Clarity vs Creativity: Knowing What the Moment Demands
If video is the best way to reach your audience, what’s the best way to keep that audience watching?
Should a video be aimed at pulling them in with flashy visuals and bold mission statements?
Or should it look to speak more plainly, and communicate clear product features and benefits?
For Helen, it depends where you’re meeting the customer, and what you’re trying to achieve.
If they’re a live customer or a late stage prospect, you’re going to speak to them very differently compared to someone who isn’t in the market yet.
For the former audience, who aren't clear on a piece of functionality or how something works, Helen would follow a direct approach:
“We would absolutely be literal because that's what the customer needs from that. Then have it solidify in their mind as to what is the answer to their question”
Whereas, if the aim is more to make a point around positioning, then you want to make sure the message sticks with people.
And that means getting inventive:
“I think creativity wins out on that because that's going to make it memorable. If you go too literal, it can be a bit too restrictive.”

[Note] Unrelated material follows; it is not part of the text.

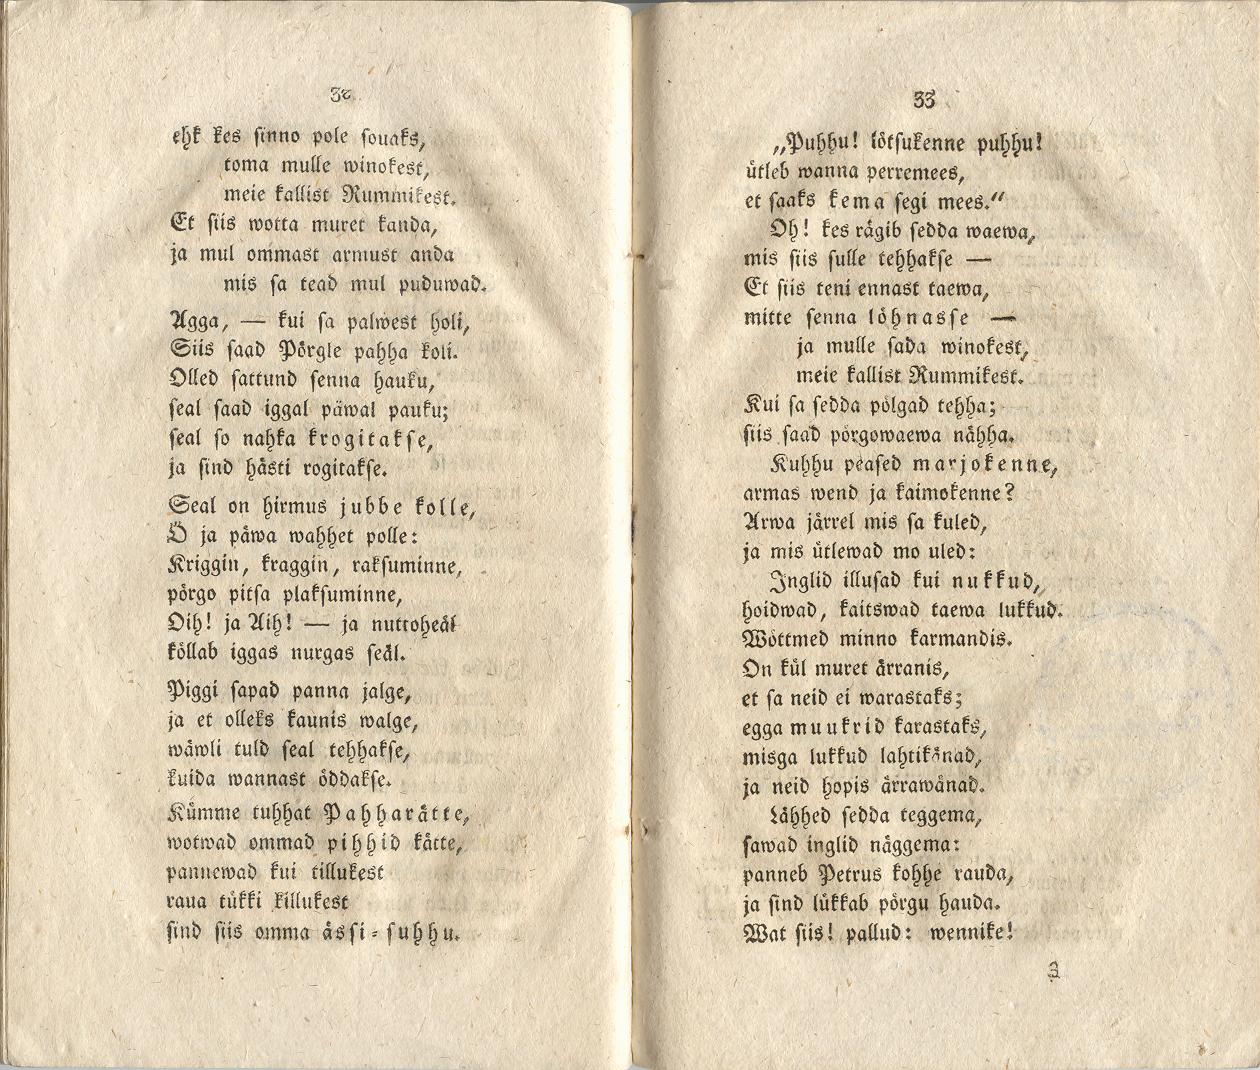 Ehstnische Originalblätter für Deutsche (1816) | 22. (32-33) Haupttext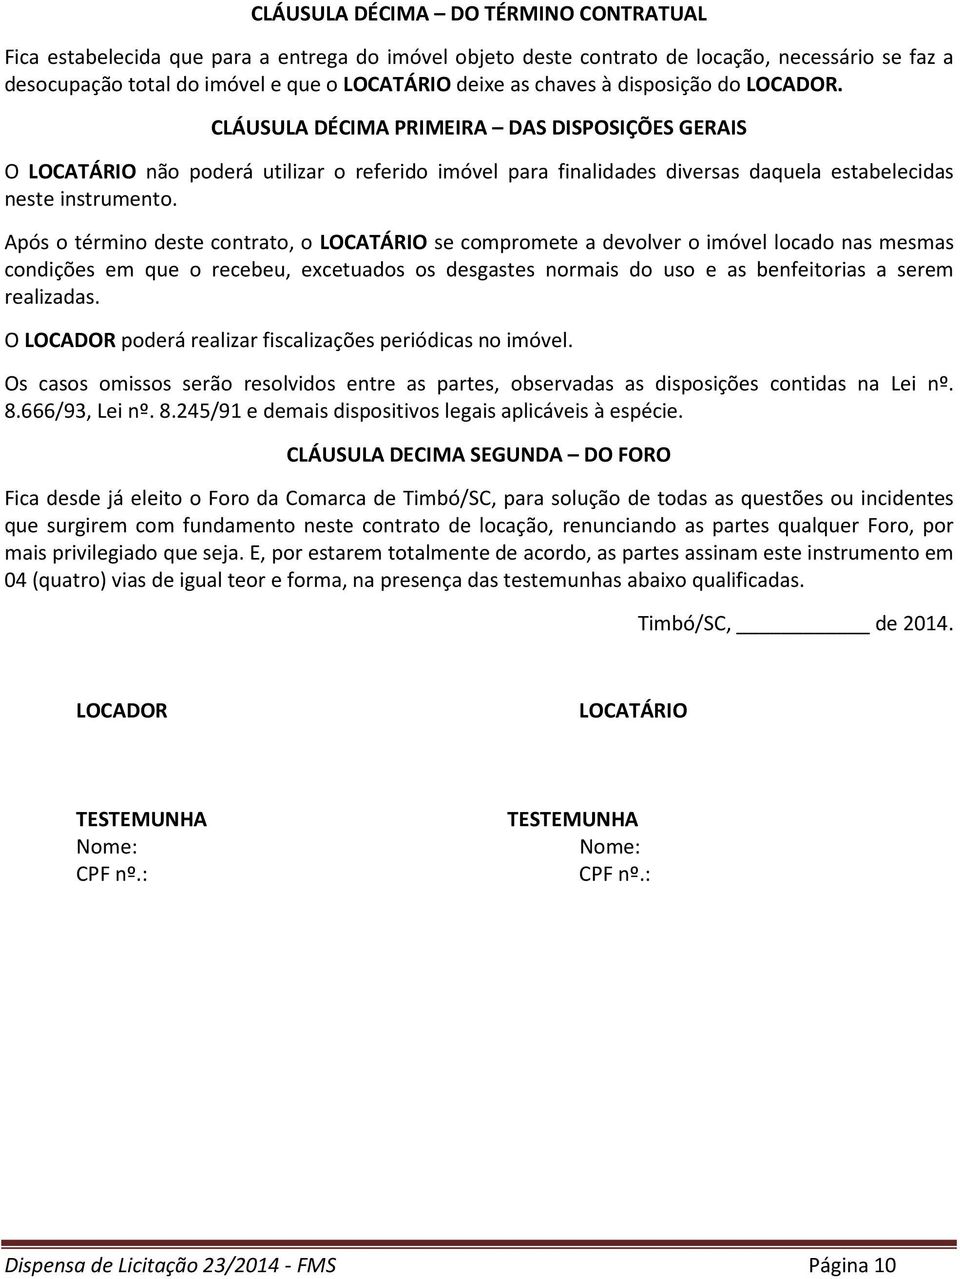 Após o término deste contrato, o LOCATÁRIO se compromete a devolver o imóvel locado nas mesmas condições em que o recebeu, excetuados os desgastes normais do uso e as benfeitorias a serem realizadas.

There are of course plenty of shades between these two poles, and it may well be that your video needs to do both.
Getting Buy-In When Budgets Are Tight
It’s not always the strategy that’s the difficult part of video. Sometimes what’s trickier is getting internal buy-in in the first place.
For every marketer, the challenge is making sure you can deliver against your objectives using the right tools and resources.
But your budget isn’t endless.
Circling back to strategy, for Helen this is again about being clear on your objectives, and what tools you think will best help achieve them.
For example, it may not always be the best use of resources to outsource all video.
At BR-DGE, they produce their own demo content internally, making mini explainer videos that speak directly to a prospect about a feature.
An efficient approach that has the right amount of personal touch.
But to produce a more full scope explainer with lots of branded motion, then there’s a call to do that externally.
“If money was no object, I'd be putting our story in some form of video constantly I think.”
Video as a Bridge Between Product and People
Fintechs don’t just need to explain what they do, they need to make people care.
That’s where video comes into it’s own.
As Helen makes clear, success comes from aligning storytelling with strategy.
Pick the right moments. Combine channels. Let video do what static content can’t: grab attention, simplify the complex, and create a lasting impression.
Whether you’re launching a campaign, explaining a feature, or shifting brand perceptions, video is more than a medium. It’s your narrative engine.